* _WHAT IS NEEDED_: Print out the data exactly, keeping every image out of it.

* _GIVEN MATERIAL_:
Start of Block
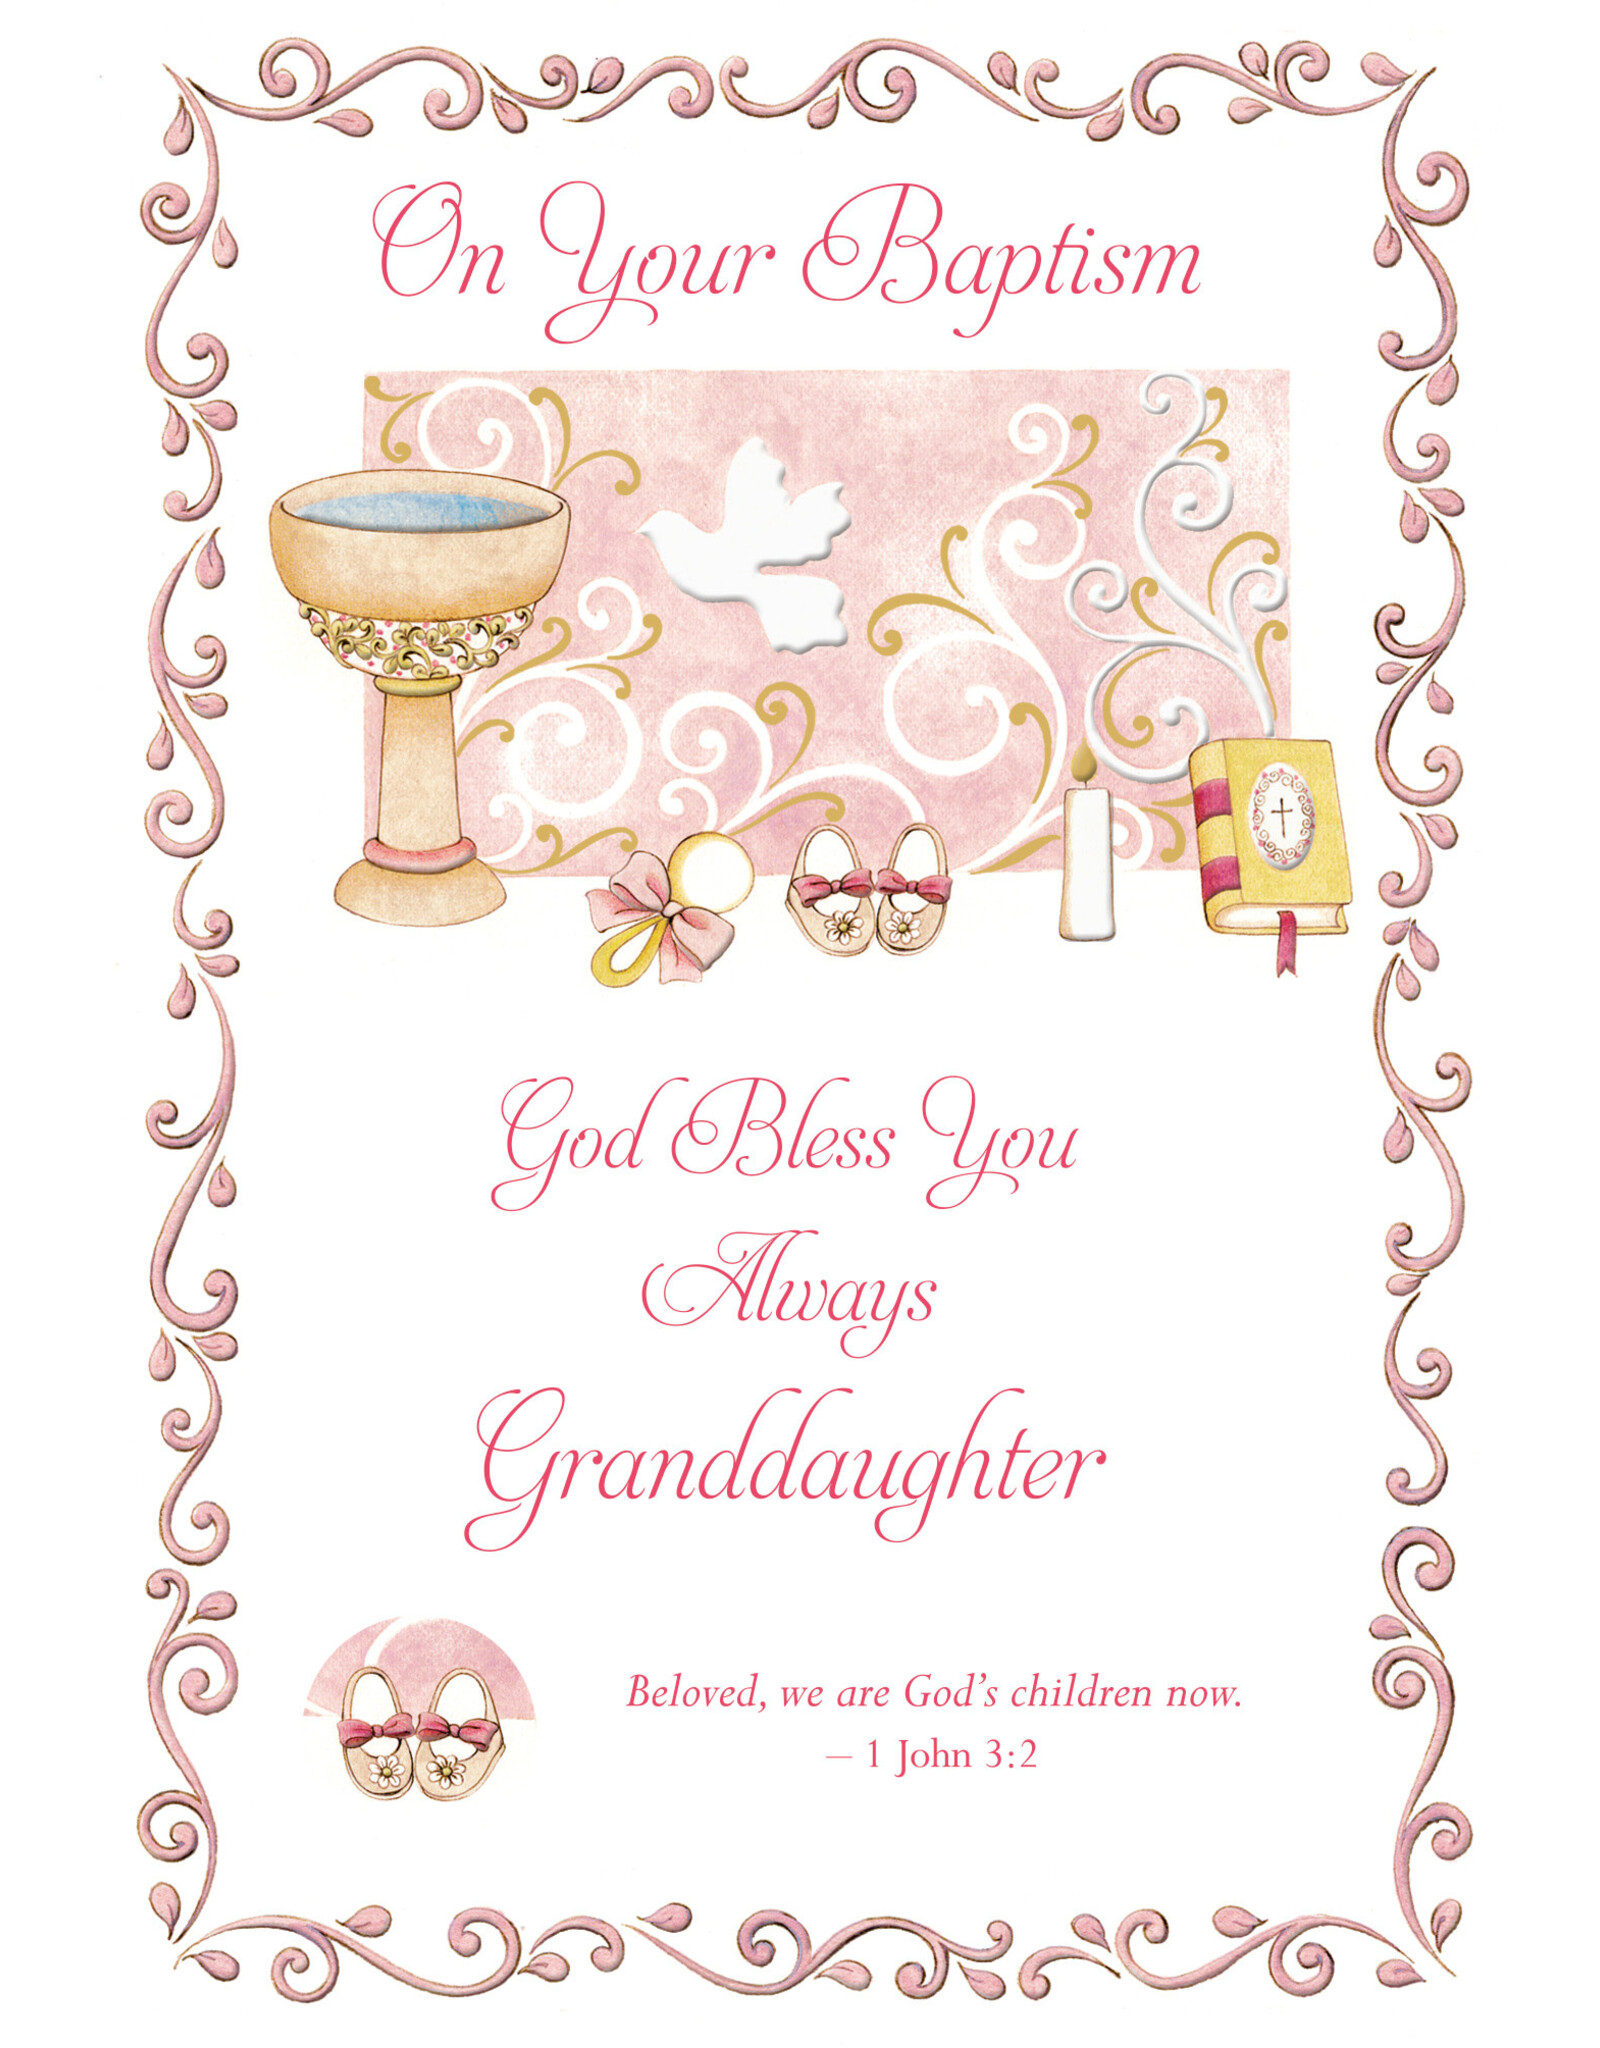 Greetings of Faith Card - Baptism (Granddaughter), God Bless You Always
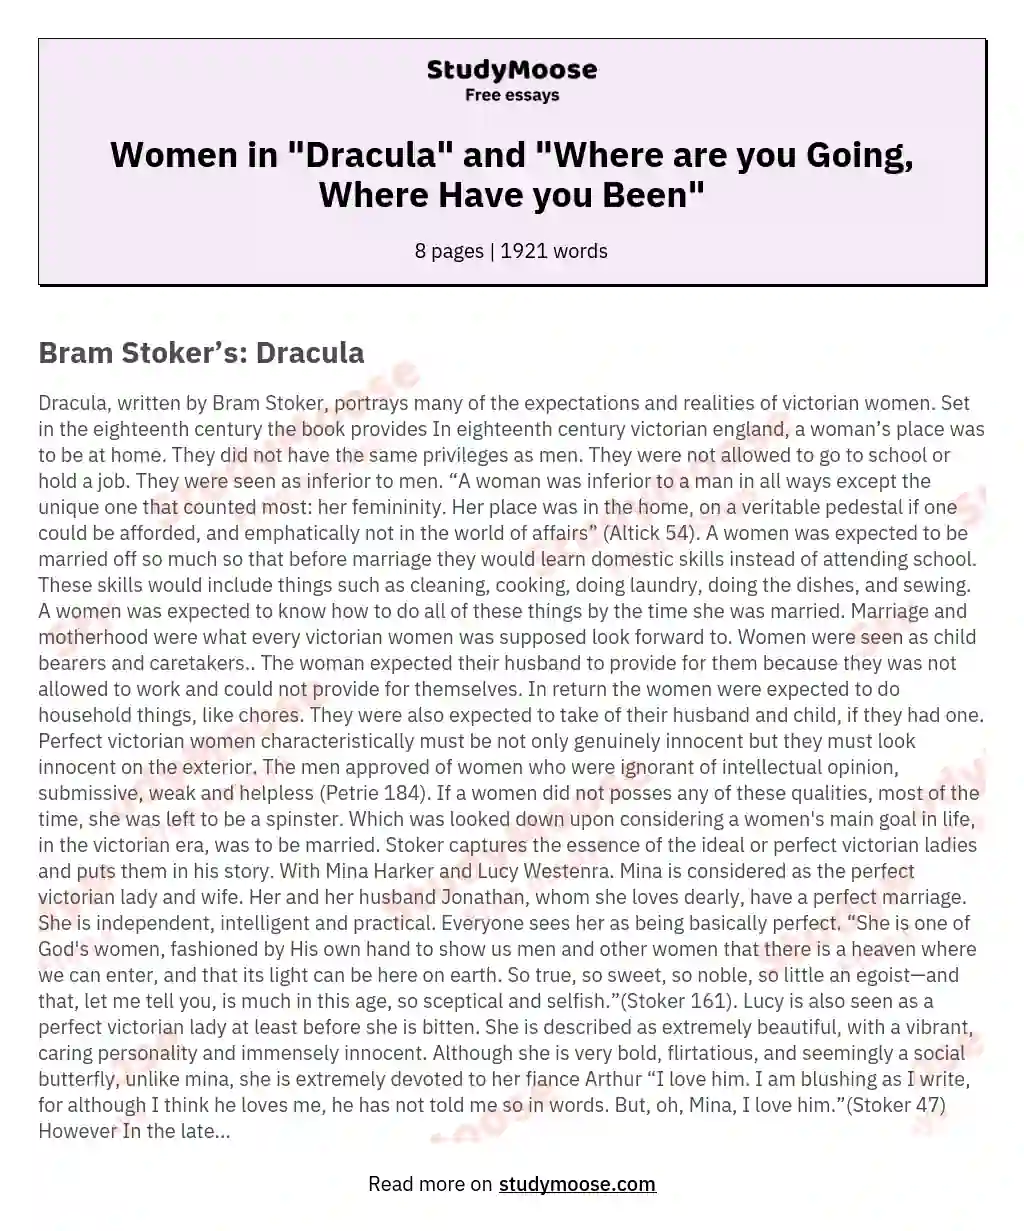 Women in "Dracula" and "Where are you Going, Where Have you Been"
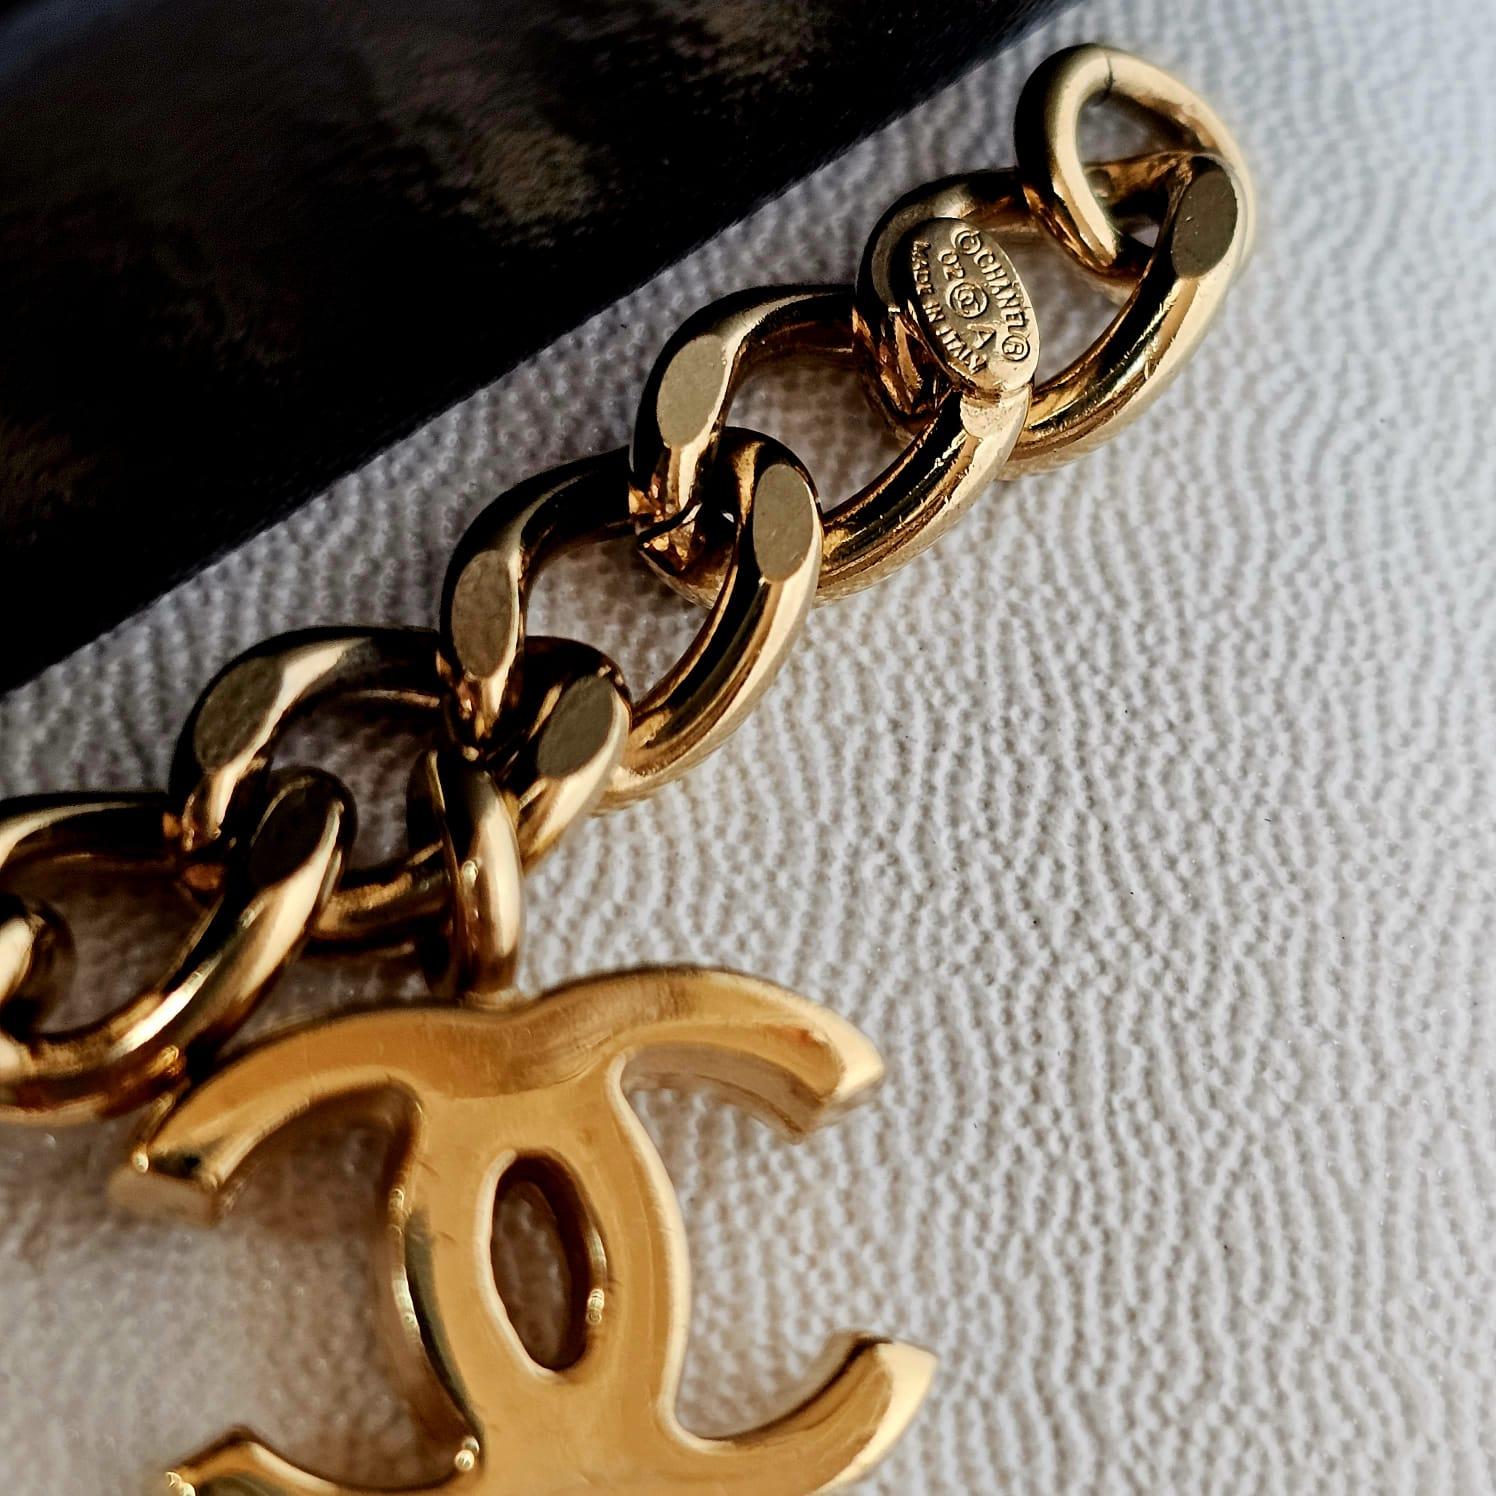 Rare chanel logo charm bracelet in excellent condition. Playful yet classy piece of jewelry. Comes with its box. 
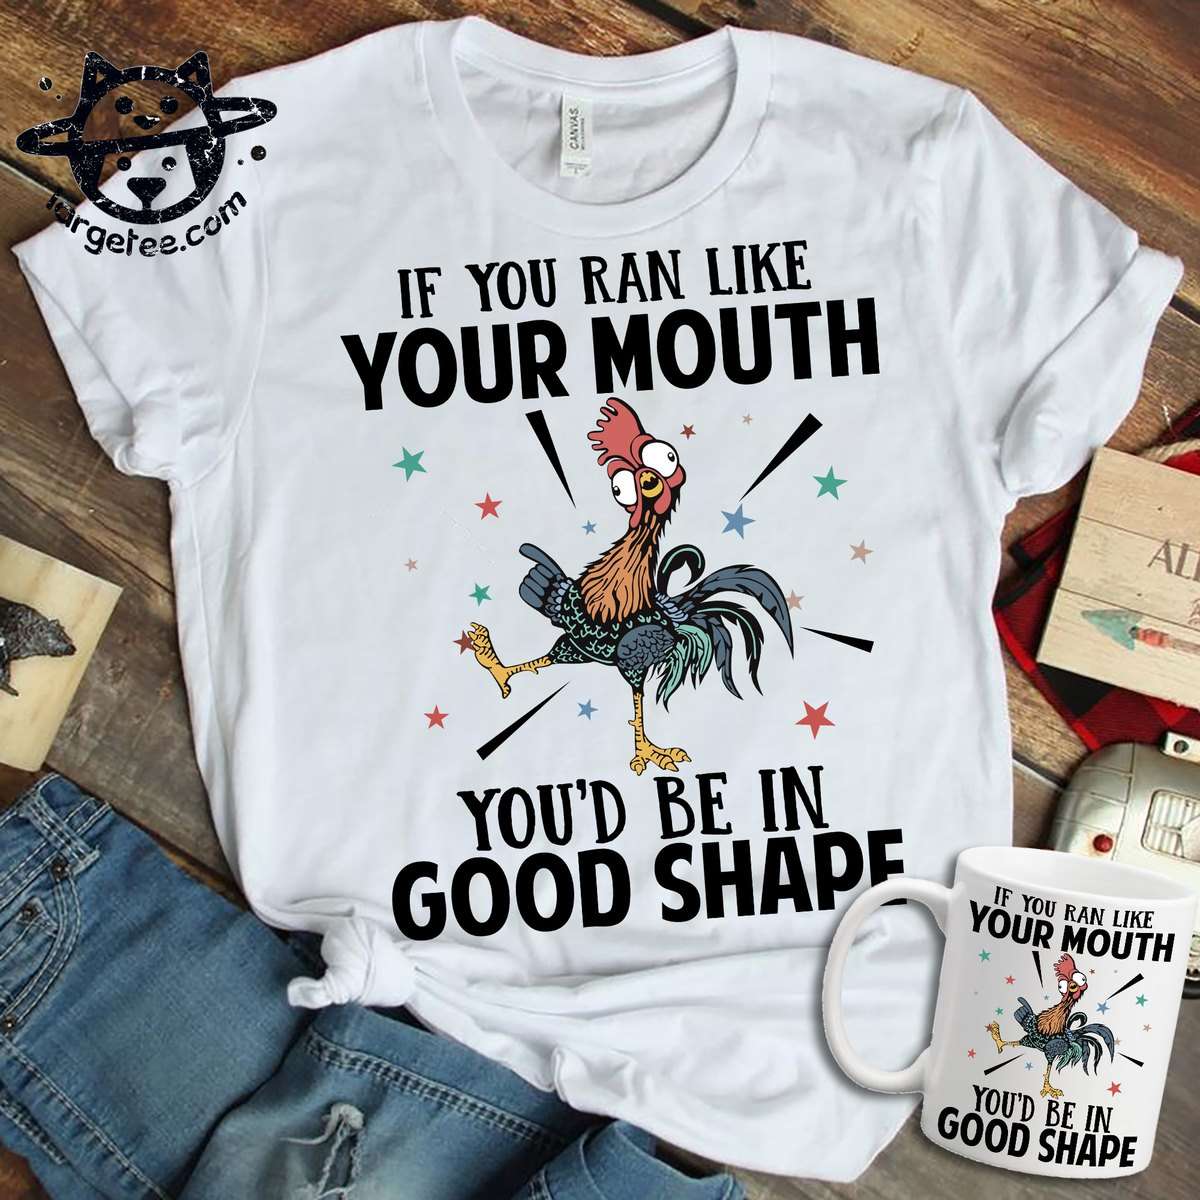 If you ran like your mouth, you'd be in good shape - Cranky chicken
End of Block
* _FINISHED EXERCISE_:
 Greetings of Faith Card - Baptism (Granddaughter), God Bless You Always
 Women in "Dracula" and "Where are you Going, Where Have you Been"
 Rare chanel logo charm bracelet in excellent condition. Playful yet classy piece of jewelry. Comes with its box. 
 If you ran like your mouth, you'd be in good shape - Cranky chicken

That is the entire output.